The built-in registers have been used as a scan generator to apply a test pattern to the device and compare the circuit response to the test patterns with the applied test patterns. The register may be operated in a serial shift register linear (LSR) mode, permitting the desired test pattern to be serially entered into the register and then latched to provide a desired parallel input to a circuit under test. The circuit under test is then rendered operable and the response to the input is parallel loaded in another LSR mode register. The response to the test is then serially read out to determine whether the circuit under test functioned appropriately. These techniques are generically referred to as level sensitive scan design, LSSD.

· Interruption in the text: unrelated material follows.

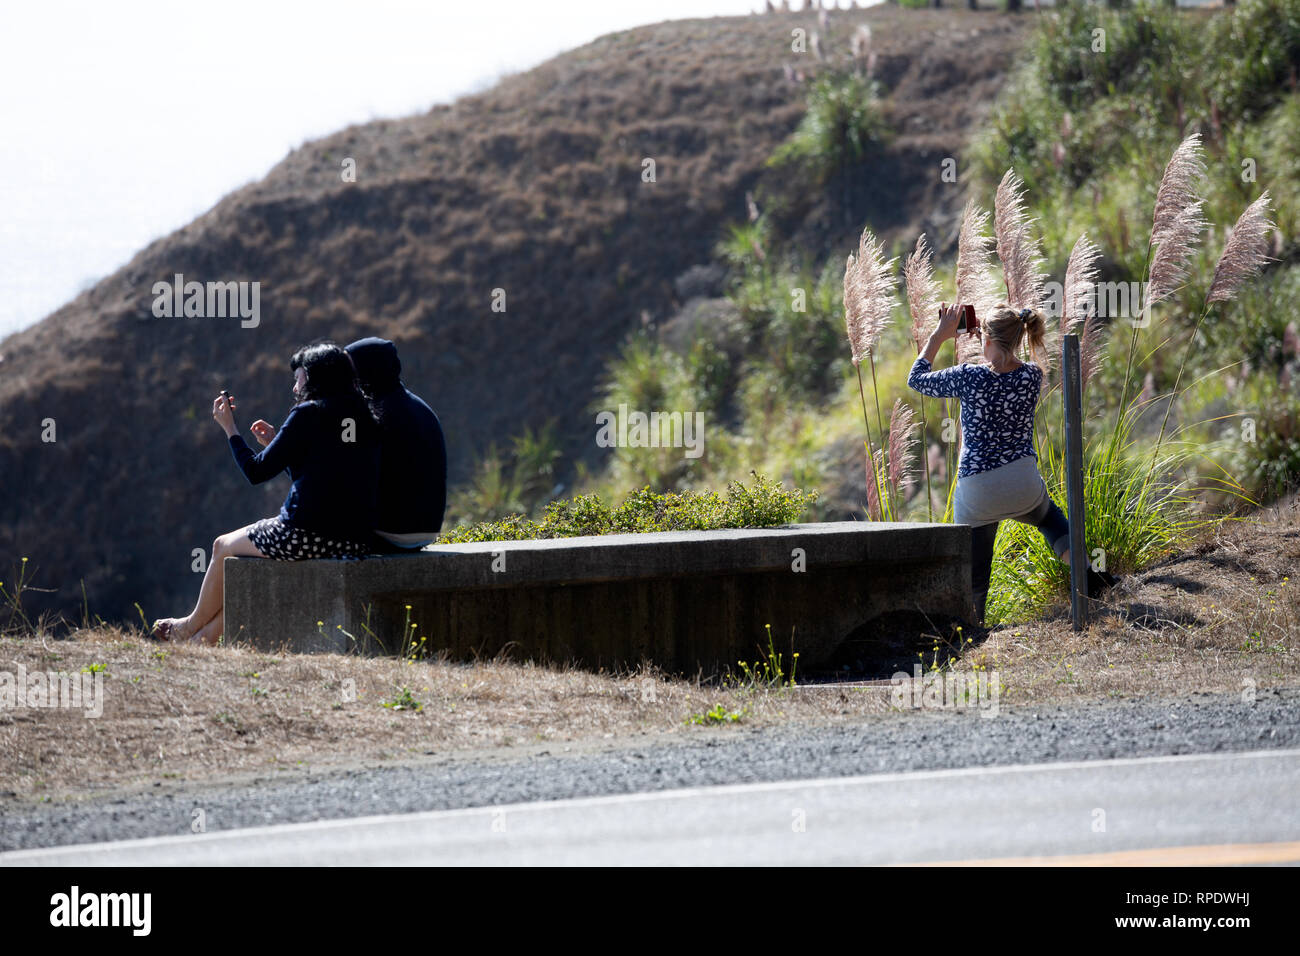 Three people on a road trip relaxing on State Route 1 (the Shoreline Highway), above Meyer Gulch, California, America Stock Photo
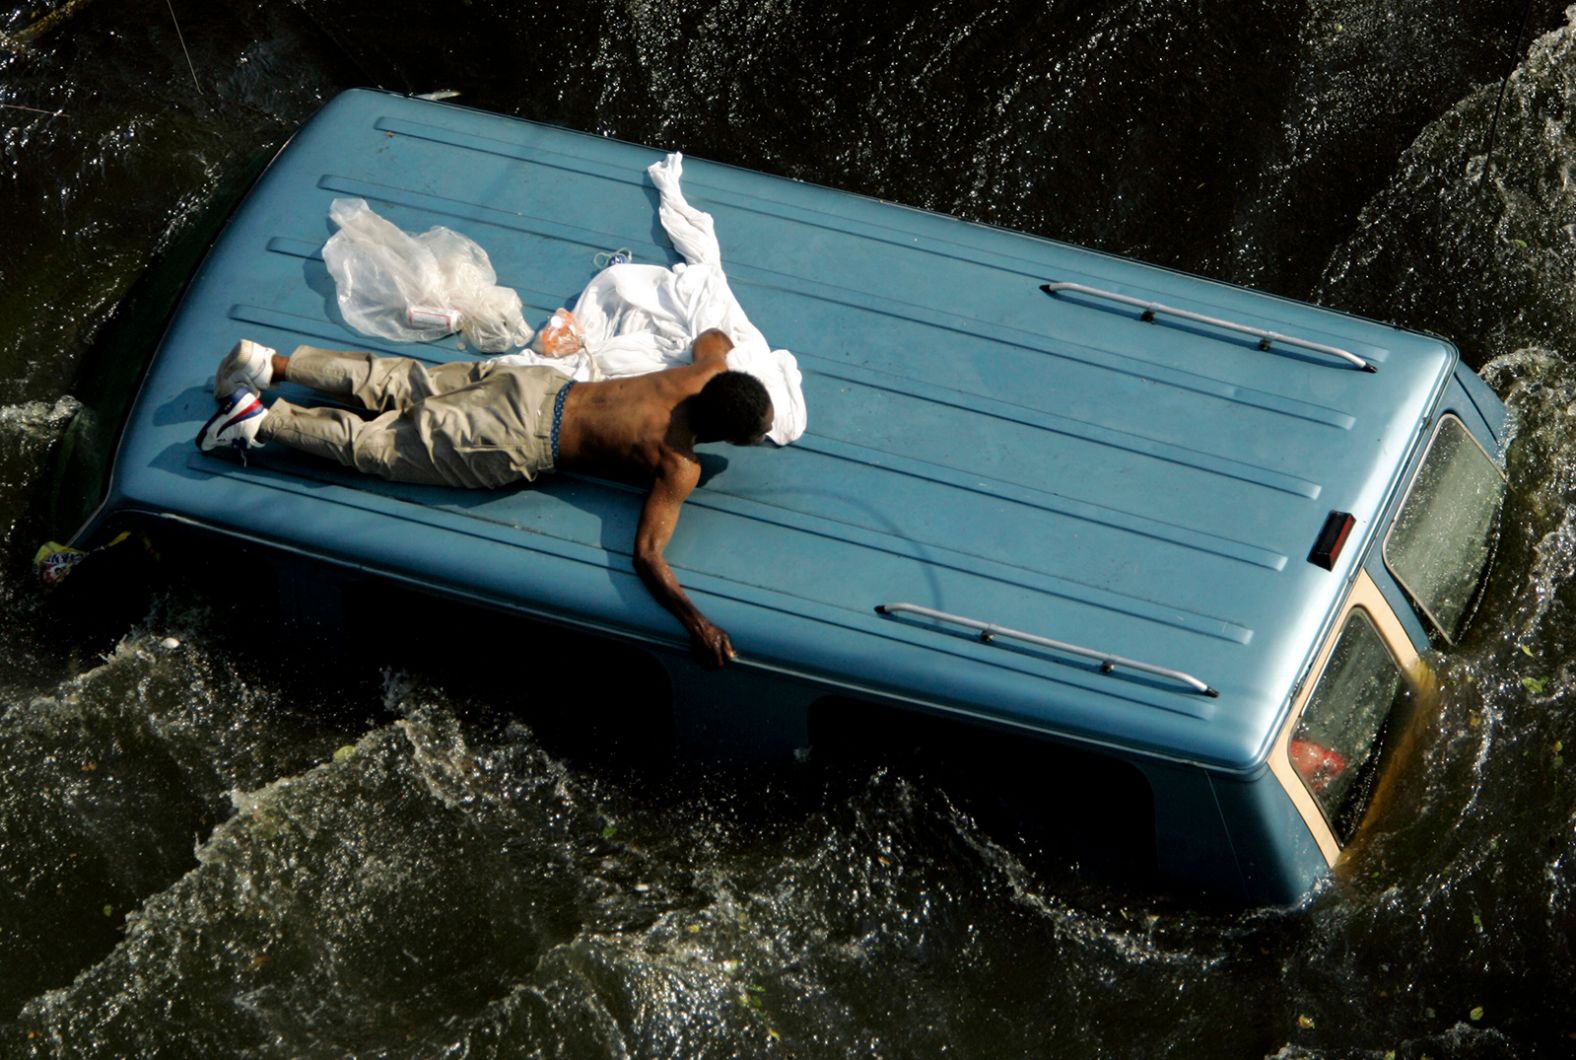 A man clings to the top of a vehicle in New Orleans before being rescued by the Coast Guard.

More sophisticated testing is performed through the use of random pattern generation and corresponding signature analysis operating the LSR as a linear feedback shift register. The random pattern is generated by a linear differential shift register with appropriate feedback to generate a polynomial pseudo-random number. The polynomial is applied to the circuit under test. The response of the circuit under test to the continuously changing random number is "hashed" or compressed by another linear differential shift register operated as a signature analyzer to preserve any detected errors. At the end of the pattern generation sequence, the hashed result is serially read from the signature analyzer to determine whether the circuit under test performed appropriately.
The on-chip testing techniques using SRL registers all produce hardware overhead for the chip. Additionally, the linear feedback shift register requires feedback connections and control lines adding to the device pin out.